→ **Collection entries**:
--- START ---

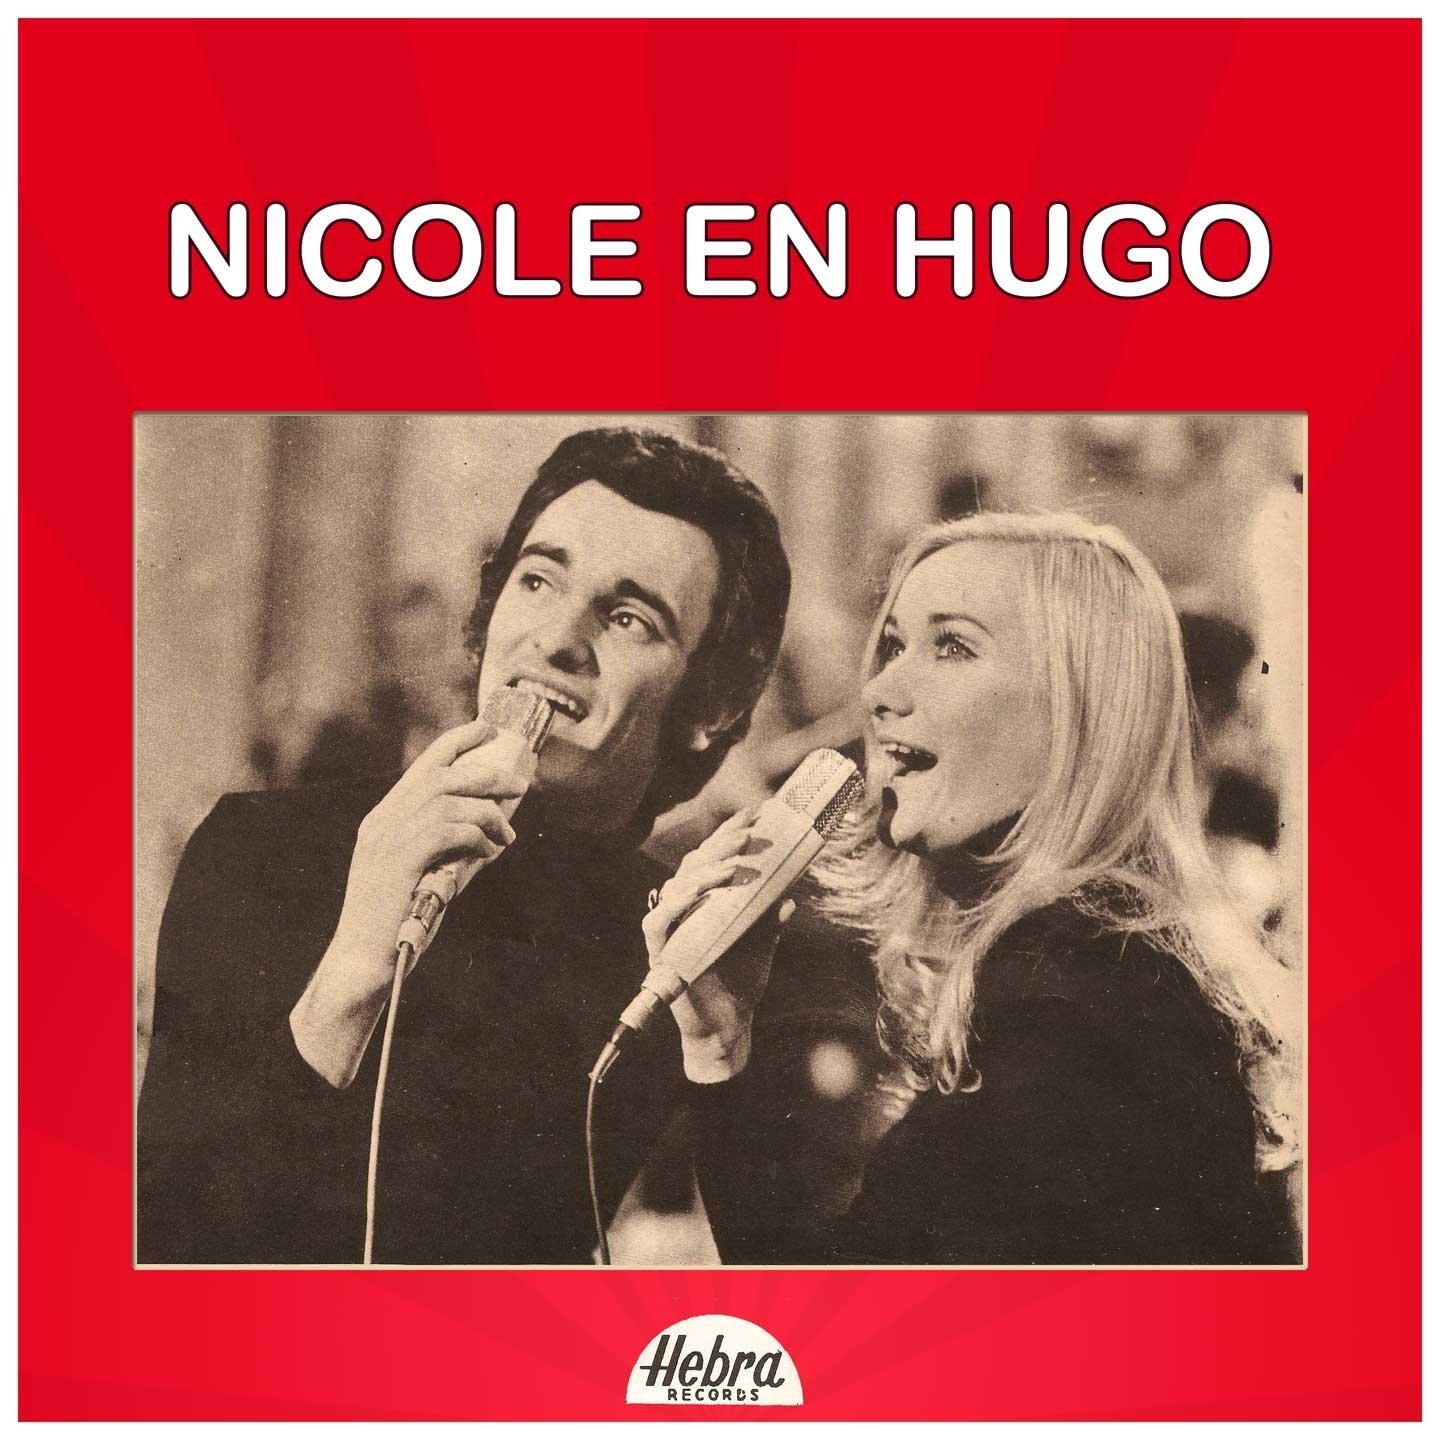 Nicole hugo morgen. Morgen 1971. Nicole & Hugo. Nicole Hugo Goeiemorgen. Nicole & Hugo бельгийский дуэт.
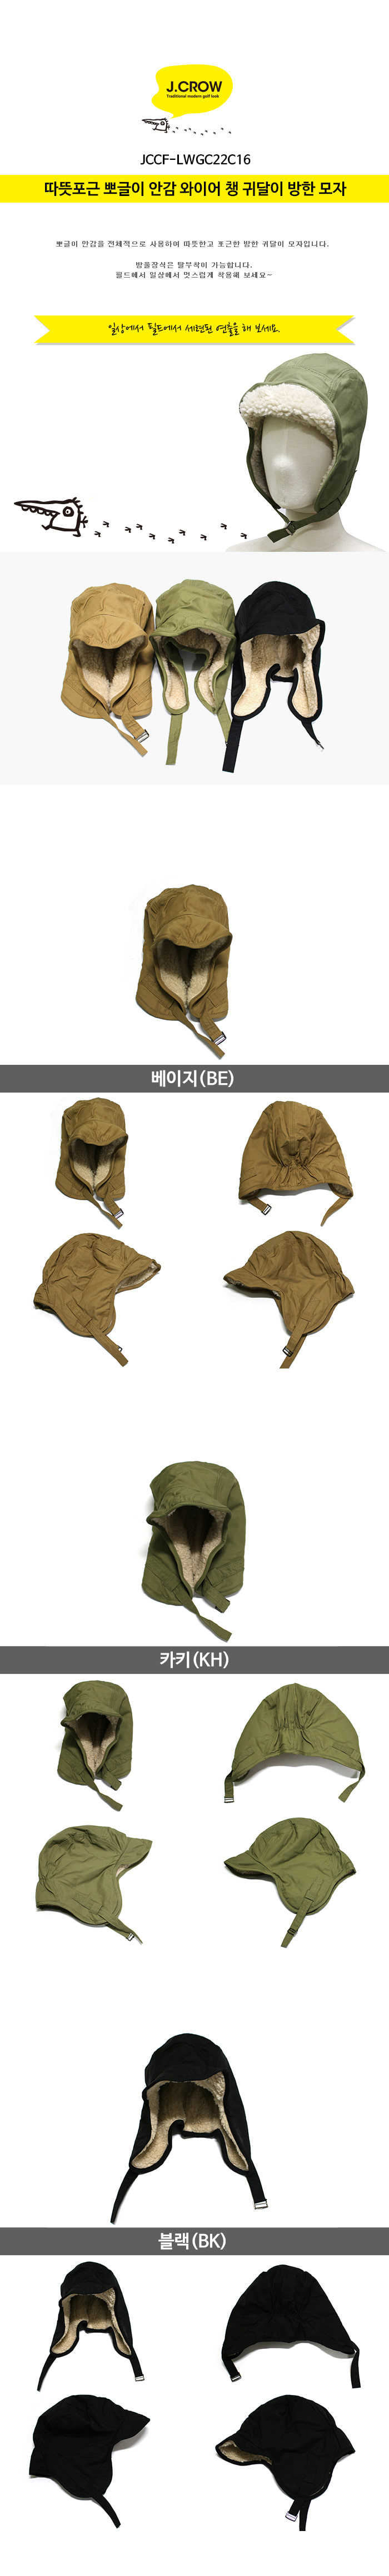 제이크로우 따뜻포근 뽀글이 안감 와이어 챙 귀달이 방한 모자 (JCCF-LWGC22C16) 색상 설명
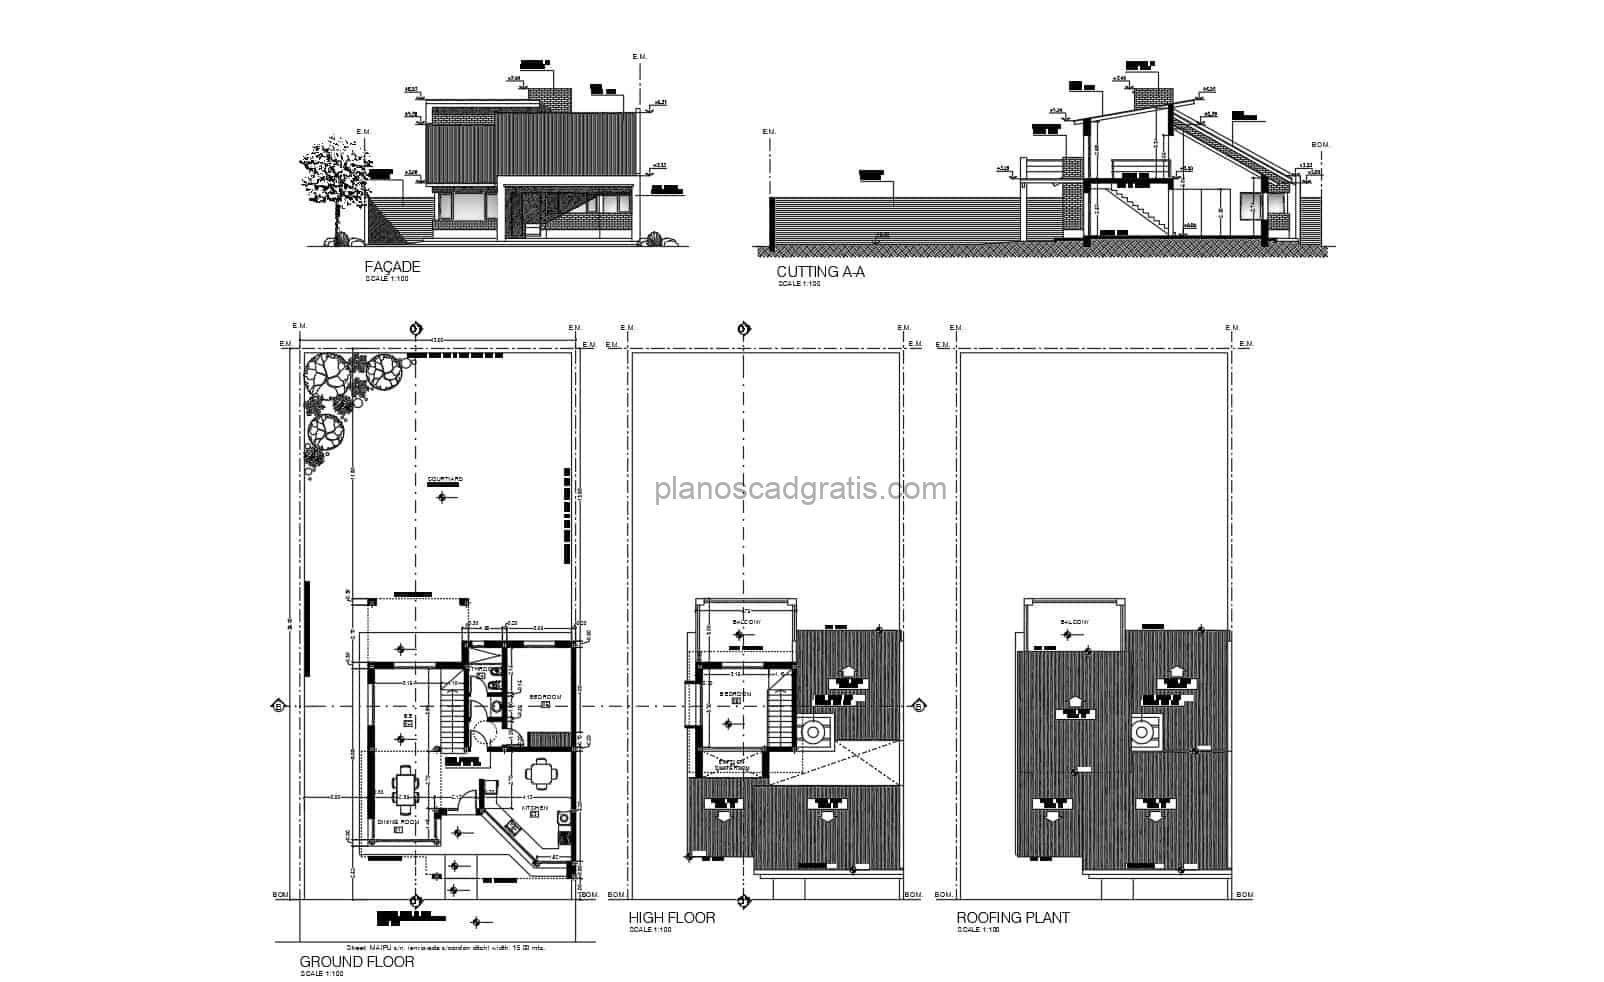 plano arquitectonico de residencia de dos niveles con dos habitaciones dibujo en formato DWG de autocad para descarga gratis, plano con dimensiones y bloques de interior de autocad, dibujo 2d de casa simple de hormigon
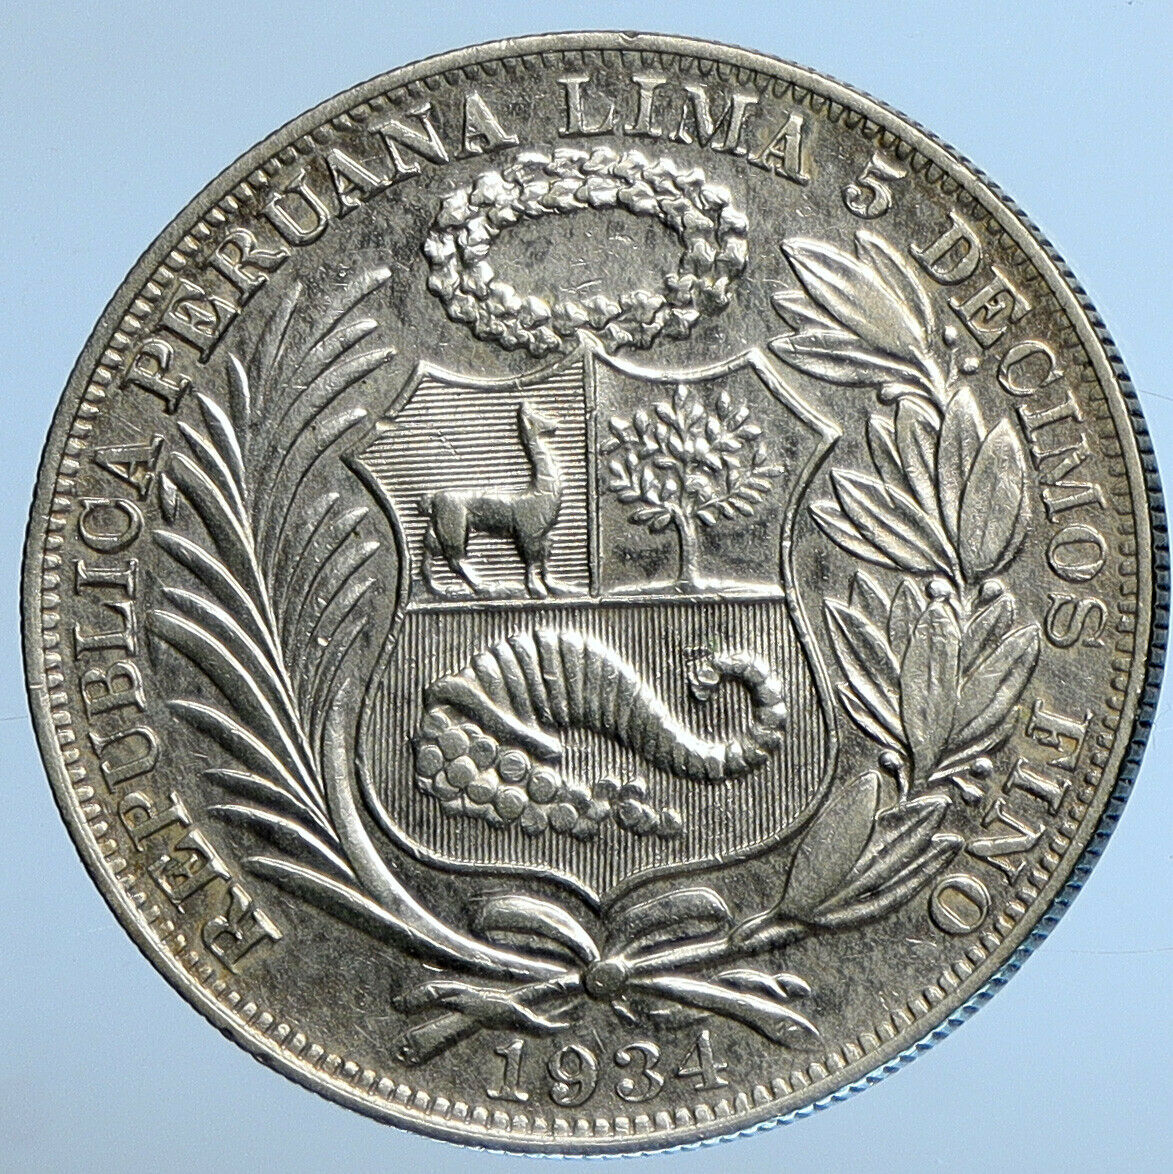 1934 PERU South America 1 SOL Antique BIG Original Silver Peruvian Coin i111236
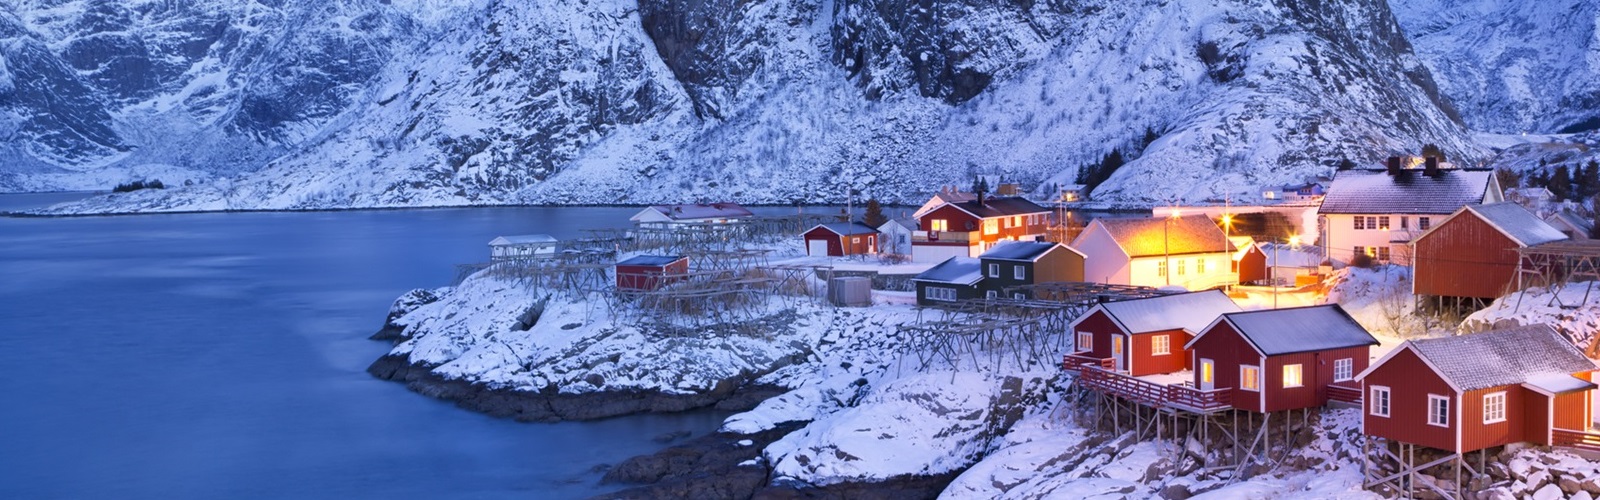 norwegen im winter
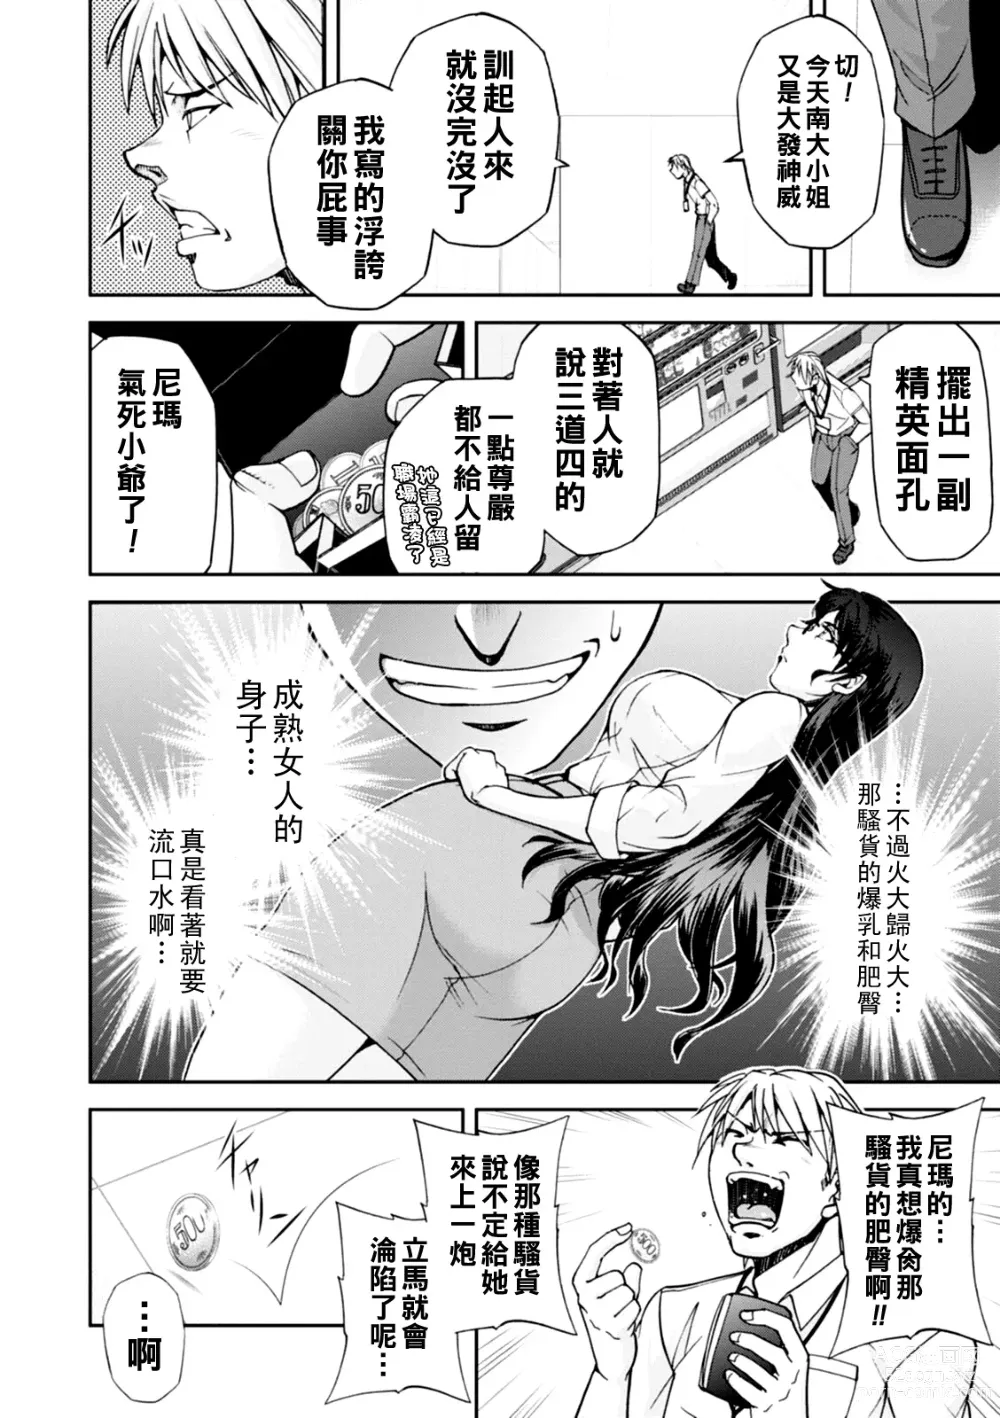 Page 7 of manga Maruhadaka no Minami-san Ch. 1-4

--- END ---

→ **REQUIRED WORK**: Repeat the data word for word, minus any pictures.

→ **FINISHED TASK**:
 Nicole hugo morgen. Morgen 1971. Nicole & Hugo. Nicole Hugo Goeiemorgen. Nicole & Hugo бельгийский дуэт.
 제이크로우 따뜻포근 뽀글이 안감 와이어 챙 귀달이 방한 모자 (JCCF-LWGC22C16) 색상 설명
 plano arquitectonico de residencia de dos niveles con dos habitaciones dibujo en formato DWG de autocad para descarga gratis, plano con dimensiones y bloques de interior de autocad, dibujo 2d de casa simple de hormigon
 1934 PERU South America 1 SOL Antique BIG Original Silver Peruvian Coin i111236
 norwegen im winter
 Page 7 of manga Maruhadaka no Minami-san Ch. 1-4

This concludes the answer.